В гостиную заглянул Тимофей. И тут же скрылся – понял, что не до него.
– А покупателей в тот вечер более не встречал?
– Не встречал.
Архаров задумался. Расспрашивать француза о трех меченых рублях, было бесполезно.
Три рубля, что сошлись вместе… Один принес Устин и уже успел им расплатиться. Два других прибыли ранее. Кто их принес, черт бы его побрал?
– А чем ты расплачивался? – вдруг спросил Архаров. – Откуда у тебя деньги?
– Предводитель давал деньги.
Архаров хмыкнул. Яснее от этого не сделалось…

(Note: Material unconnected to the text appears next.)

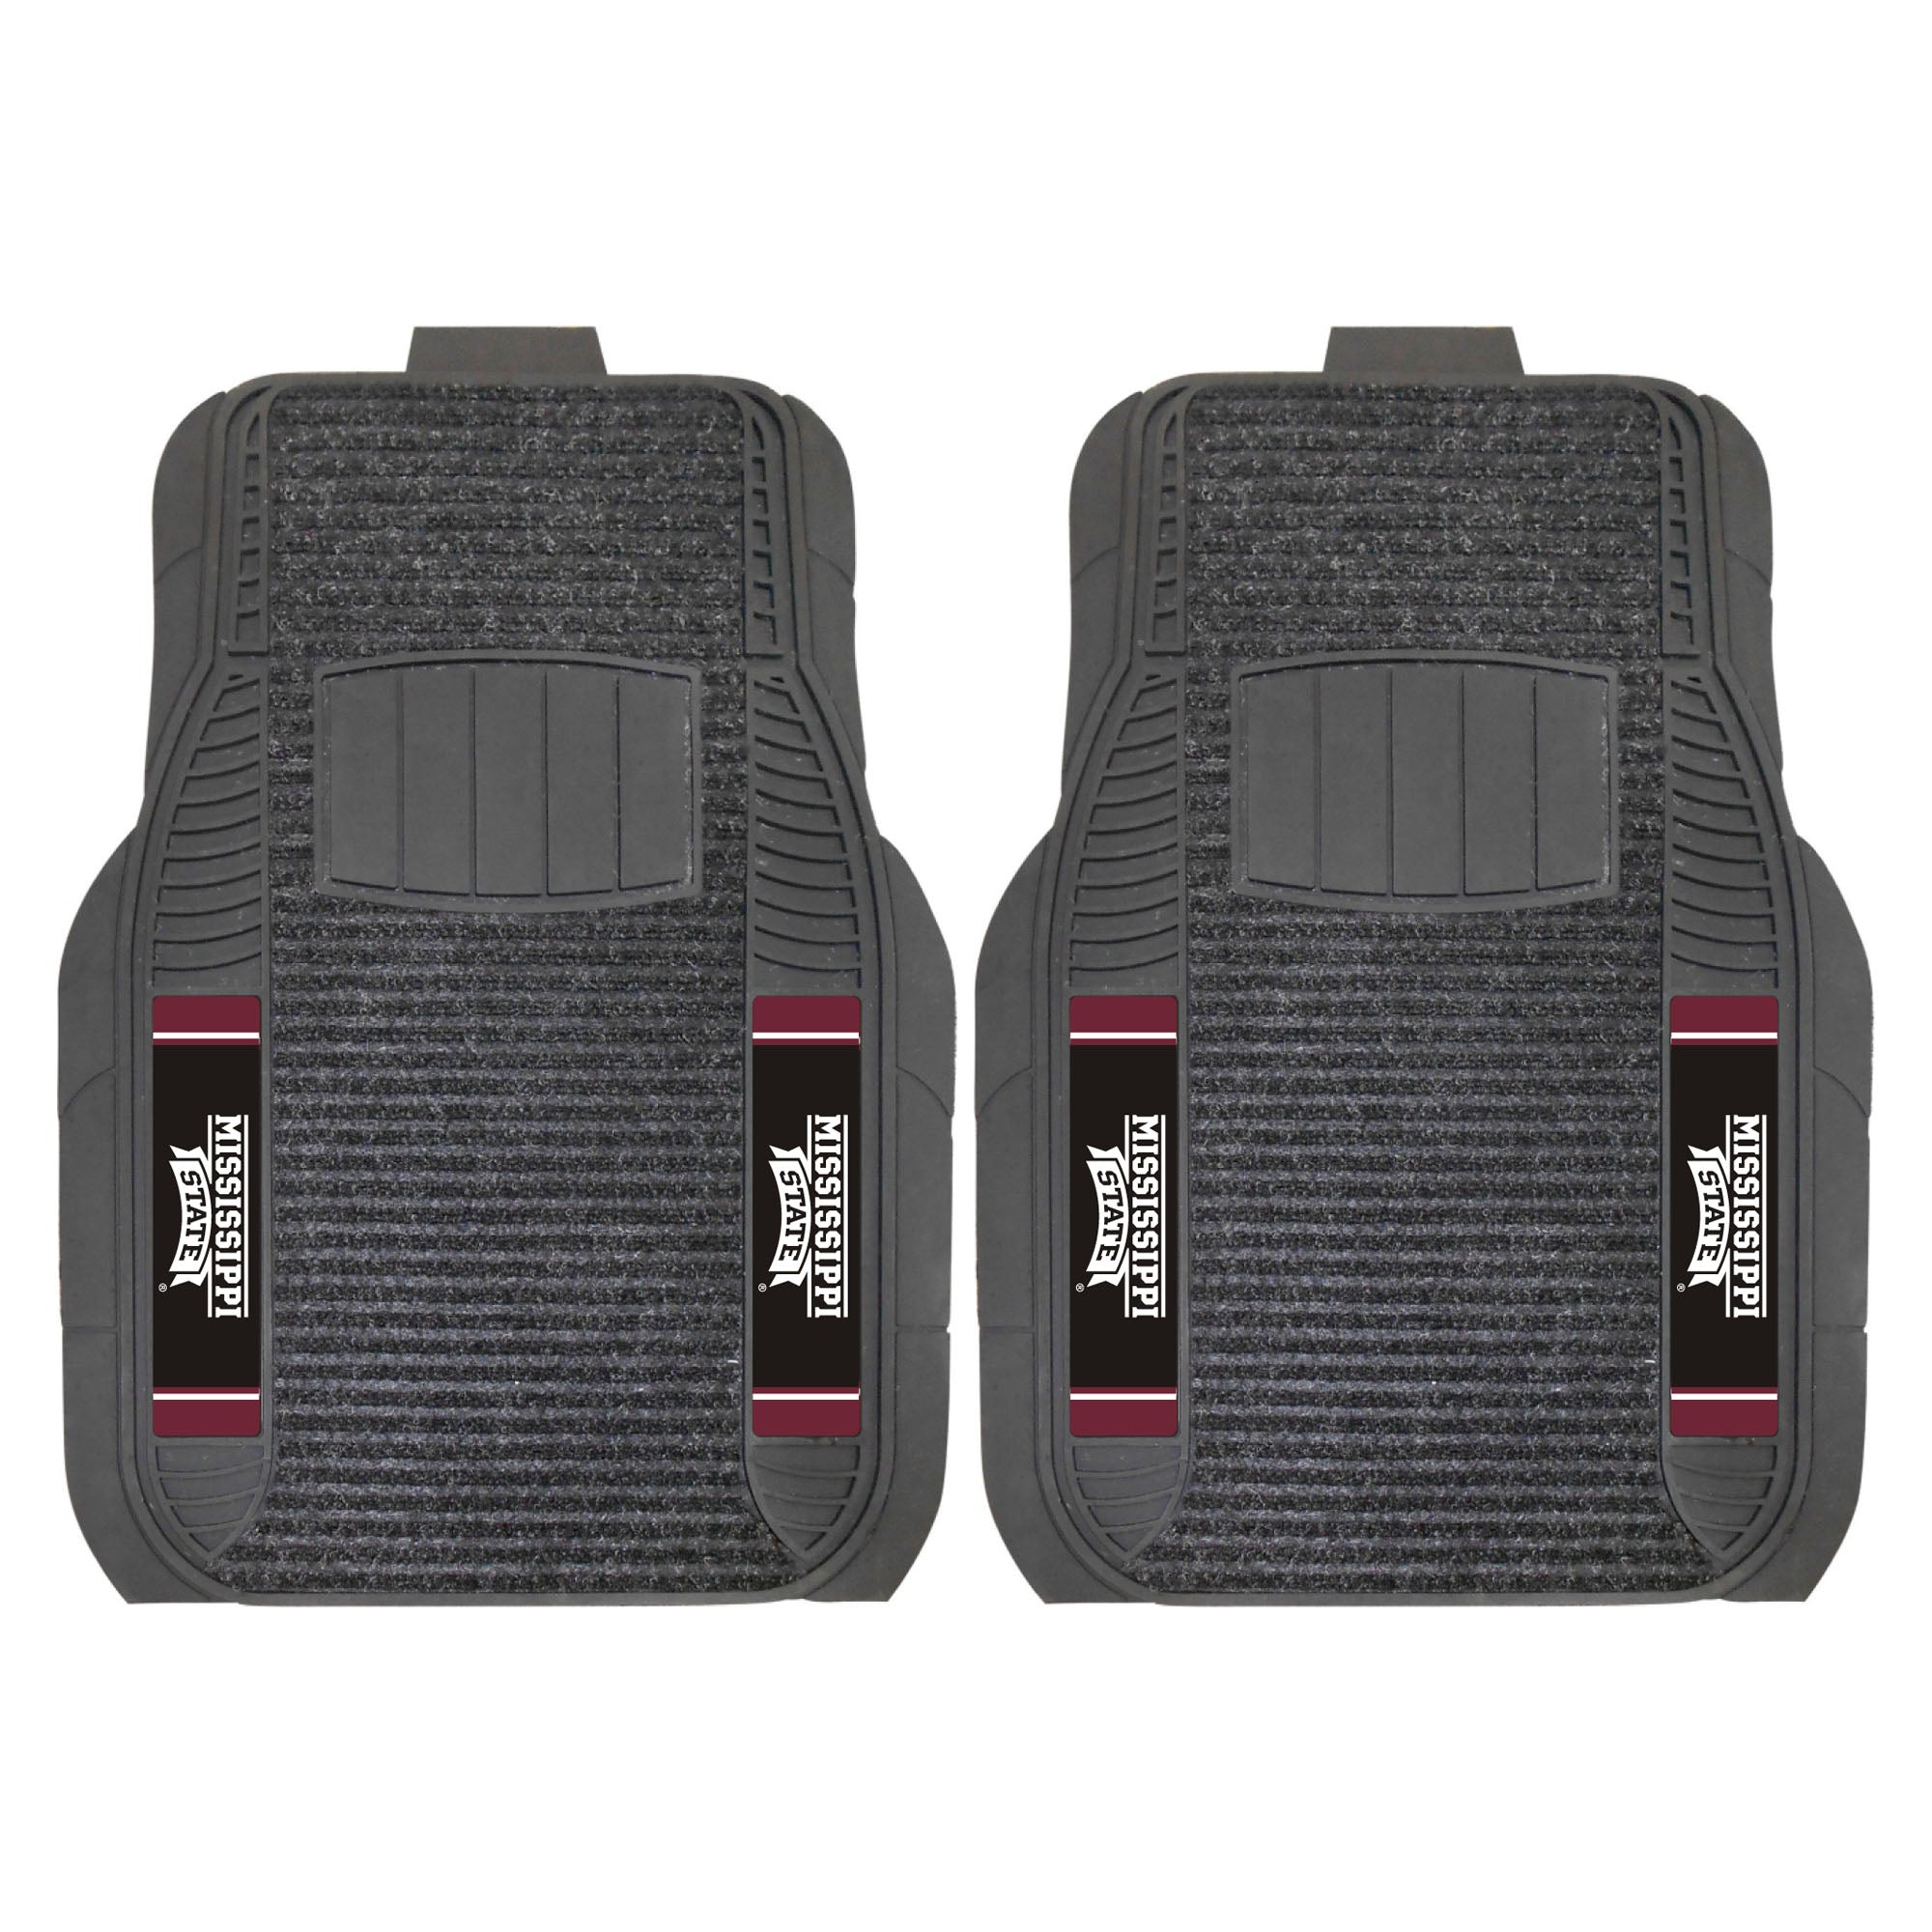 FANMATS, Mississippi State University 2 Piece Deluxe Car Mat Set

И выходило, что допрос Жана-Луи Клавароша совершенно бесполезен.
– Тимофей! – крикнул Архаров. – Возьми его, отведи к Бредихину.

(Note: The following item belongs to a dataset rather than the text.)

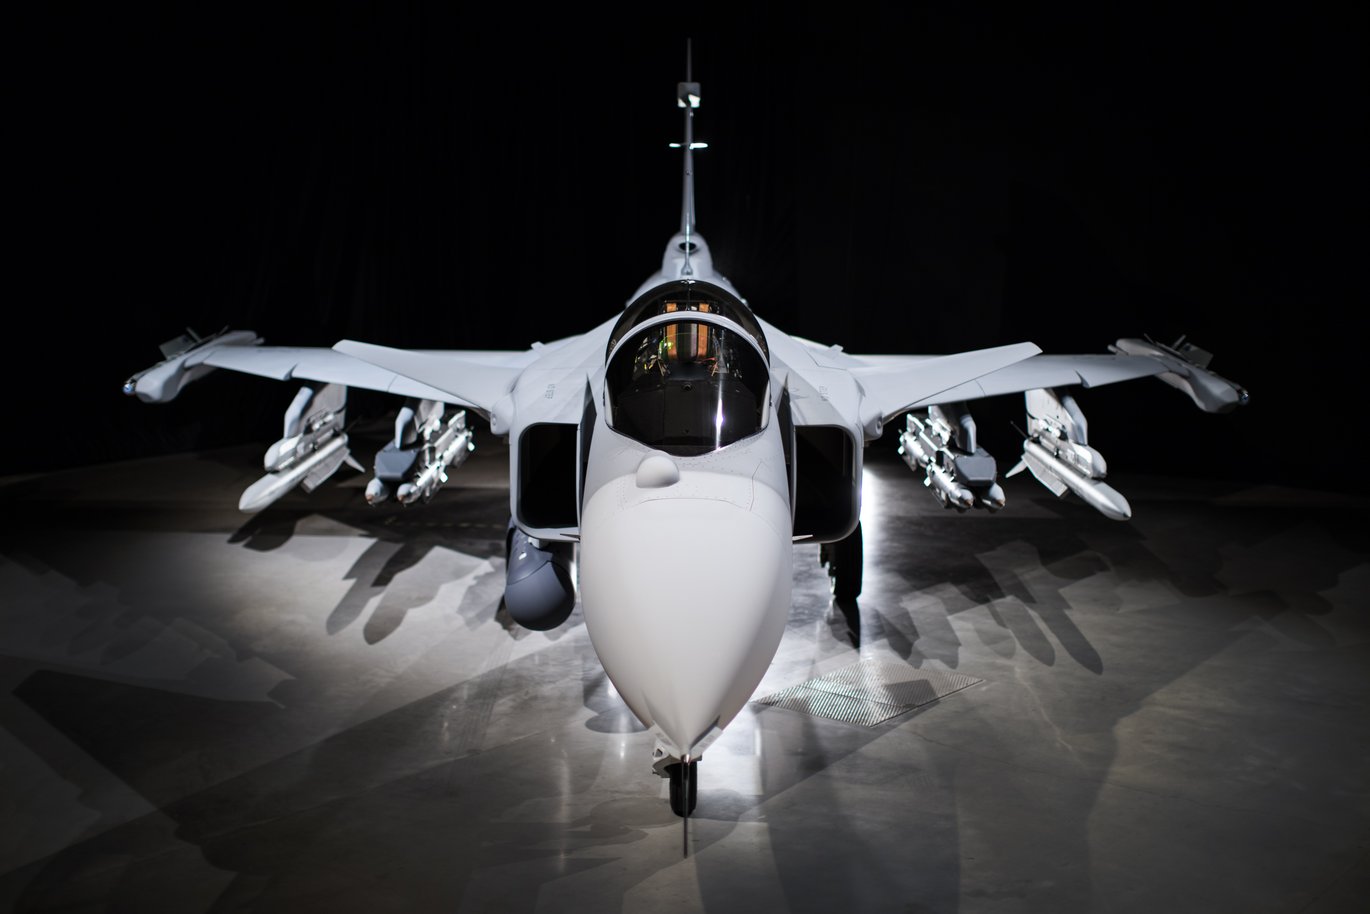 The Saab Gripen E-series fighter jet in the Swedish Air Force livery.

Тимофей вошел – и тут же ловкий Клаварош кинулся мимо него, выскочил и помчался по анфиладе.
– Ниче, далеко не удерет, там всюду наши, – сказал Тимофей, посторонившись и пропуская Архарова с Левушкой.
Нашими он назвал всех разом – и мортусов, и солдат Великолуцкого полка, и преображенцев.

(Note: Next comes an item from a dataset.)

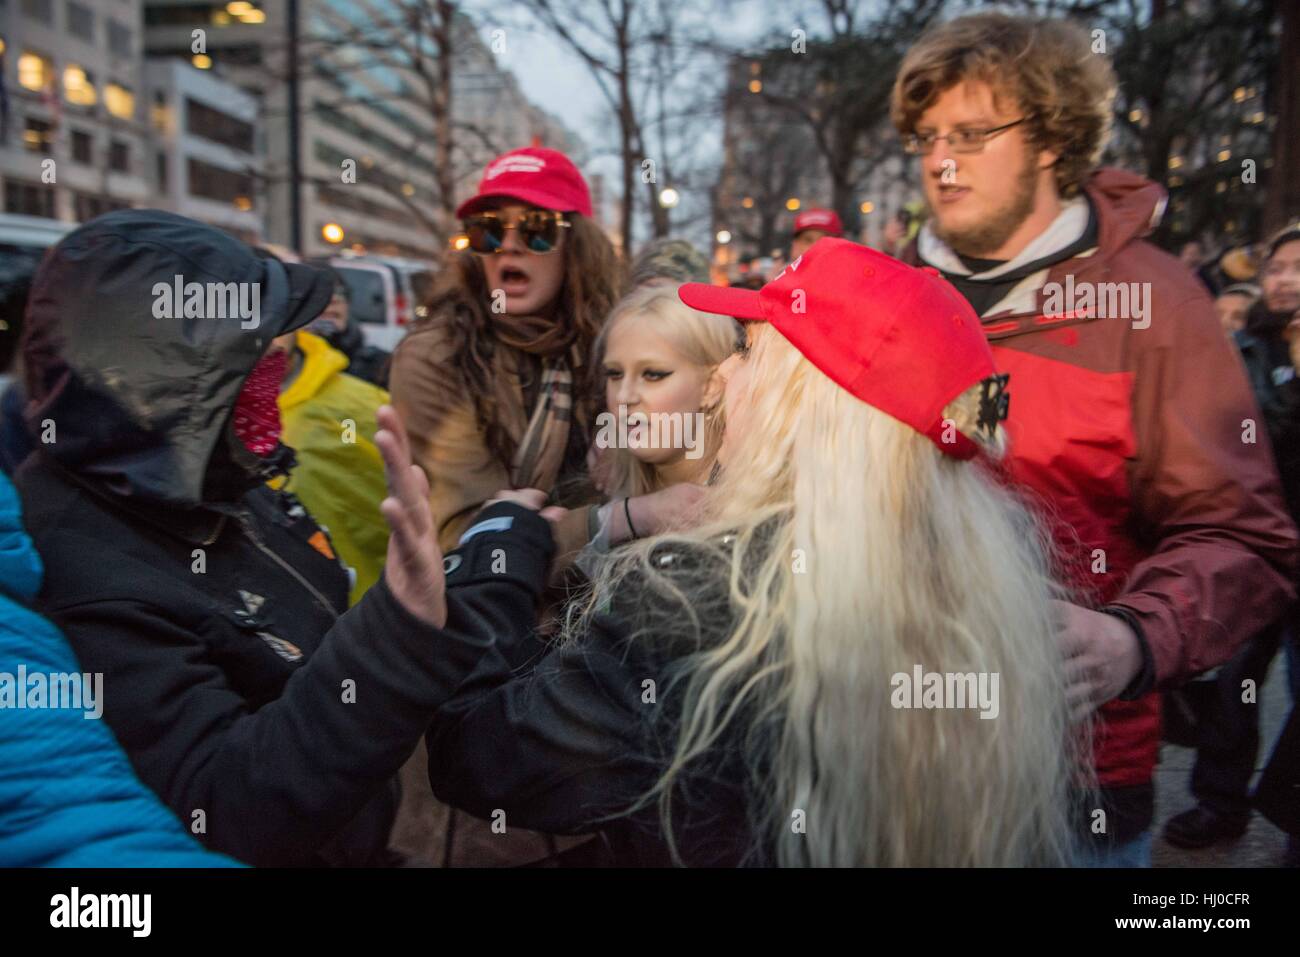 Protestors and supporters clash at the inauguration of President Donald Trump in Washington, D.C. on January 20, 2017. Stock Photo

– Пойдем, Тучков, – позвал Архаров.
– Ты хочешь все видеть своими глазами? – строптиво спросил Левушка и уселся на стул у стены, всем видом показывая, что посещение такого зрелища не одобряет.
– Да уймись ты, ей-Богу, – попросил Архаров. – И без тебя тошно. Тимофей, поди, убедись, что его изловили.
Ему действительно было тошно. Не потому, что сейчас должны были расстрелять во дворе мародеров, а по совсем иной причине. Кабы Архаров более сам в себя вглядывался и сам к себе прислушивался, то и определил бы это двумя словами: «Не сбылось…»
С того солнечного утра, когда он споразанку ехал на бастион уславливаться с мортусами, прошло почти двое суток, и все это время он был бодр, ясен душой, готовился к чему-то замечательному. Свершилось – не потеряв ни единого человека, он захватил приют мародеров, всех их изловил, за что непременно будет благодарность и графа Орлова, и господина Еропкина. Правда, в розыске убийц митрополита не продвинулся ни на шаг. И все концы оказались обрублены – приказчик косой Арсеньич мертв, Жан-Луи Клаварош, на поимку коего возлагались такие надежды, никого не видел и ничего не знает.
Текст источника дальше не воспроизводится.